A simulation study of 1D U-Net-based inter-crystal scatter event recovery of PET detectors.

机构信息

School of Electronic and Optical Engineering, Nanjing University of Science & Technology, Nanjing, People's Republic of China.

School of Computer Science and Engineering, Nanjing University of Science & Technology, Nanjing, People's Republic of China.

出版信息

Phys Med Biol. 2023 Jul 10;68(14). doi: 10.1088/1361-6560/ace1d1.

Abstract

To achieve high spatial resolution of reconstructed images in positron emission tomography (PET), the size of the scintillation crystal element is set small in current PET systems, which greatly increases the inter-crystal scattering (ICS) frequency. The ICS is a type of Compton scattering of the gamma photons from one crystal element to its neighborhood element, which obscures the determination of the first interaction position. In this study, we propose a 1D U-Net convolutional neural network to predict the first interaction position, which provides a universal way to efficiently solve the ICS recovery problem. The network is trained using the dataset collected from the GATE Monte Carlo simulation.

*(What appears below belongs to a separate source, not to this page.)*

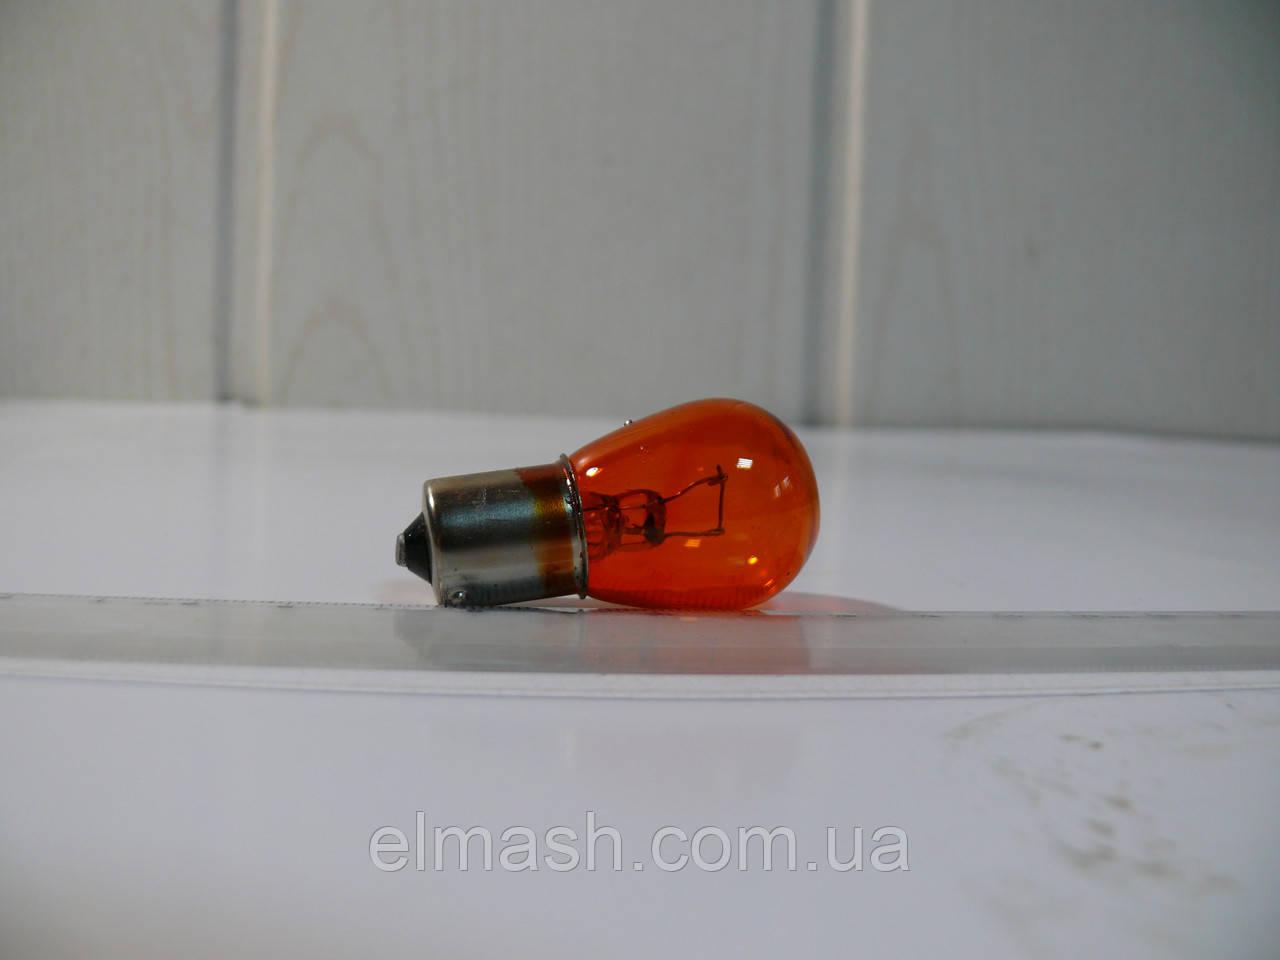 Лампа 24V PY21W 21W BAU15s AMBER HEAVY DUTY (пр-во Narva)

The 1D U-Net structure is applied due to its capability of synthesizing both low-level and high-level information, which shows superiority in solving the ICS recovery problem. After being well trained, the 1D U-Net can generate a prediction accuracy of 78.1%. Compared to the coincidence events only composed from two photoelectric gamma photons, the sensitivity is improved by 149%. The contrast-to-noise ratio of the reconstructed contrast phantom increases from 6.973 to 10.795 for the 16 mm hot sphere. Compared to the take-energy-centroid method, the spatial resolution of the reconstructed resolution phantom can obtain the best improvement of 33.46%. Compared with the previous deep learning method based on the fully connected network, the proposed 1D U-Net can work more stably with considerably fewer network parameters. The 1D U-Net network model shows good universality when predicting different phantoms, and the computation speed is fast.

摘要

为了在正电子发射断层扫描(PET)中实现高空间分辨率的重建图像,当前的 PET 系统将闪烁晶体元件的尺寸设置得很小,这大大增加了晶体间散射(ICS)的频率。ICS 是一种从一个晶体元件到其邻近元件的伽马光子的康普顿散射,它模糊了第一个相互作用位置的确定。在这项研究中,我们提出了一种一维 U-Net 卷积神经网络来预测第一个相互作用位置,这为有效地解决 ICS 恢复问题提供了一种通用方法。该网络使用从 GATE 蒙特卡罗模拟收集的数据进行训练。由于 1D U-Net 结构能够综合低水平和高水平的信息,因此适用于解决 ICS 恢复问题。经过良好的训练,1D U-Net 可以生成 78.1%的预测精度。与仅由两个光电伽马光子组成的符合事件相比,灵敏度提高了 149%。重建对比体模的对比度噪声比从 6.973 增加到 10.795,用于 16mm 热球。与取能质心法相比,重建分辨率体模的空间分辨率可以获得最佳的 33.46%的改善。与以前基于全连接网络的深度学习方法相比,所提出的 1D U-Net 可以用更少的网络参数更稳定地工作。1D U-Net 网络模型在预测不同体模时具有良好的通用性,并且计算速度很快。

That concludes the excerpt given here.